The findings, 'Closing the sea surface mixed layer temperature budget from in situ observations alone: Operation Advection during BoBBLE', are published in Nature Scientific Reports, said the statement.
The project was jointly funded by the Ministry of Earth Sciences, Government of India, and the Natural Environment Research Council (NERC), UK.
The project also included researchers from Cochin University of Science and Technology, Kochi, India; the CSIR-National Institute of Oceanography, Goa; Visakhapatnam, India; the Indian National Centre for Ocean Information Services, Ministry of Earth Sciences.
"Time series of oceanographic properties, including temperature, salinity, velocity, underwater radiation and subsurface mixing, along with surface fluxes of heat, were calculated from shipboard measurements on board the RV Sindhu Sadhana in the southern Bay of Bengal during the boreal summer monsoon of 2016.
The measurements were made continuously for 11 days, using a novel combination of ship-based and autonomous platforms, such as ocean gliders," the release added.
Professors Matthews and Vinayachandran were quoted as saying that cloud formation in the monsoon regions is crucially dependent on the temperature of the ocean beneath.
Therefore, accurate determination of the sea surface temperature in models is absolutely essential. "Forecasting monsoon rainfall requires accurate simulation of the Sea Surface Temperature, and inadequate information may also hinder predictions of climate change on monsoon rainfall," they noted.

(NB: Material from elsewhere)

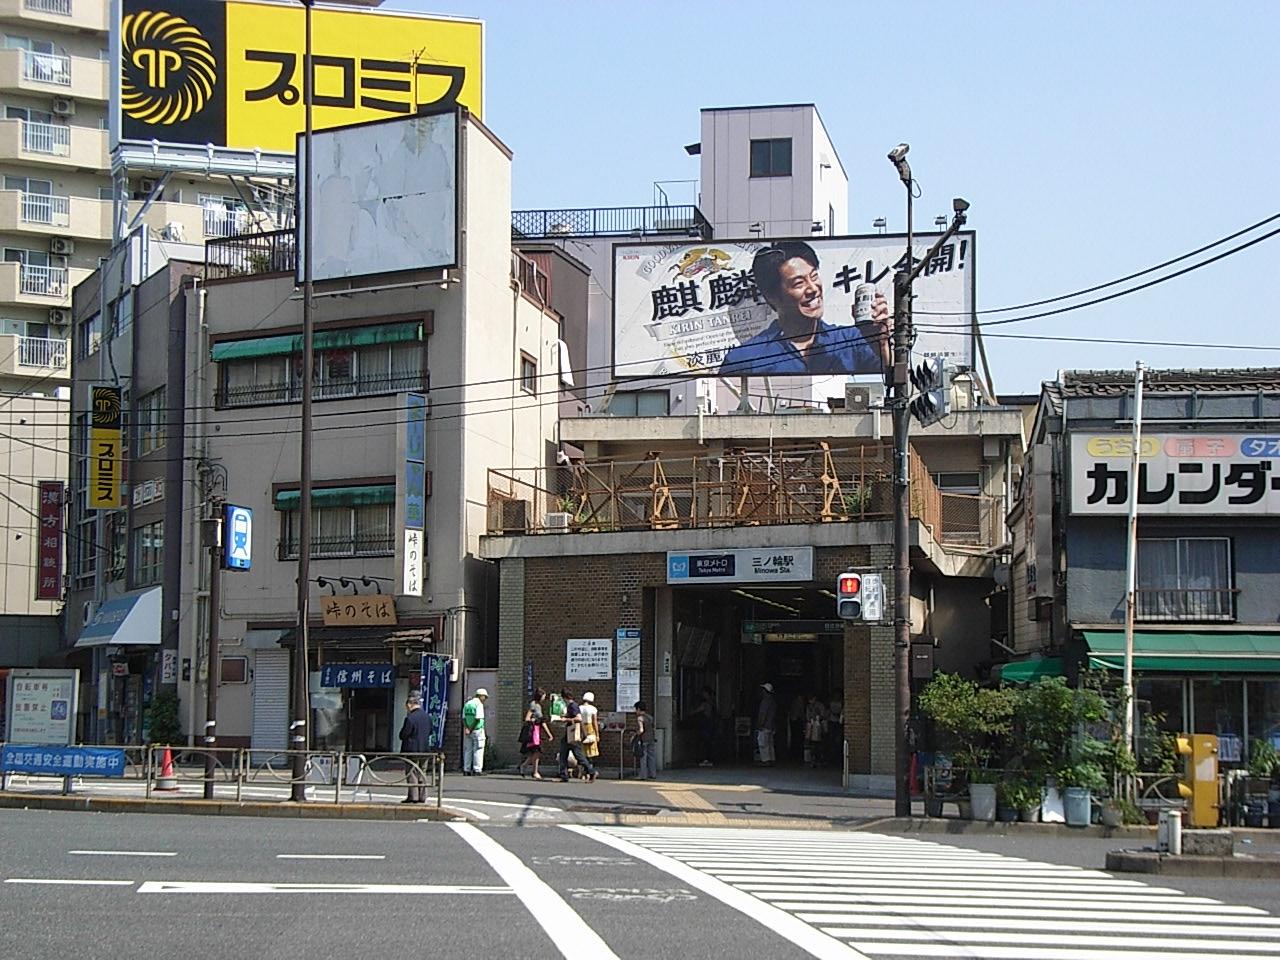 <特集番外編>三ノ輪から南千住を再発見 〜 「だっちゃん市」のついでにぶらり歩き。

Variability in tropical SST in turn influences large-scale ocean-atmosphere interaction processes such as the Asian monsoon, El Nino, tropical cyclones and expansion of sea ice in the Antarctic, the scientists explained.
They noted that the study in the Bay of Bengal served as a blueprint for future observational campaigns that aim to determine the scale and impact of weather systems.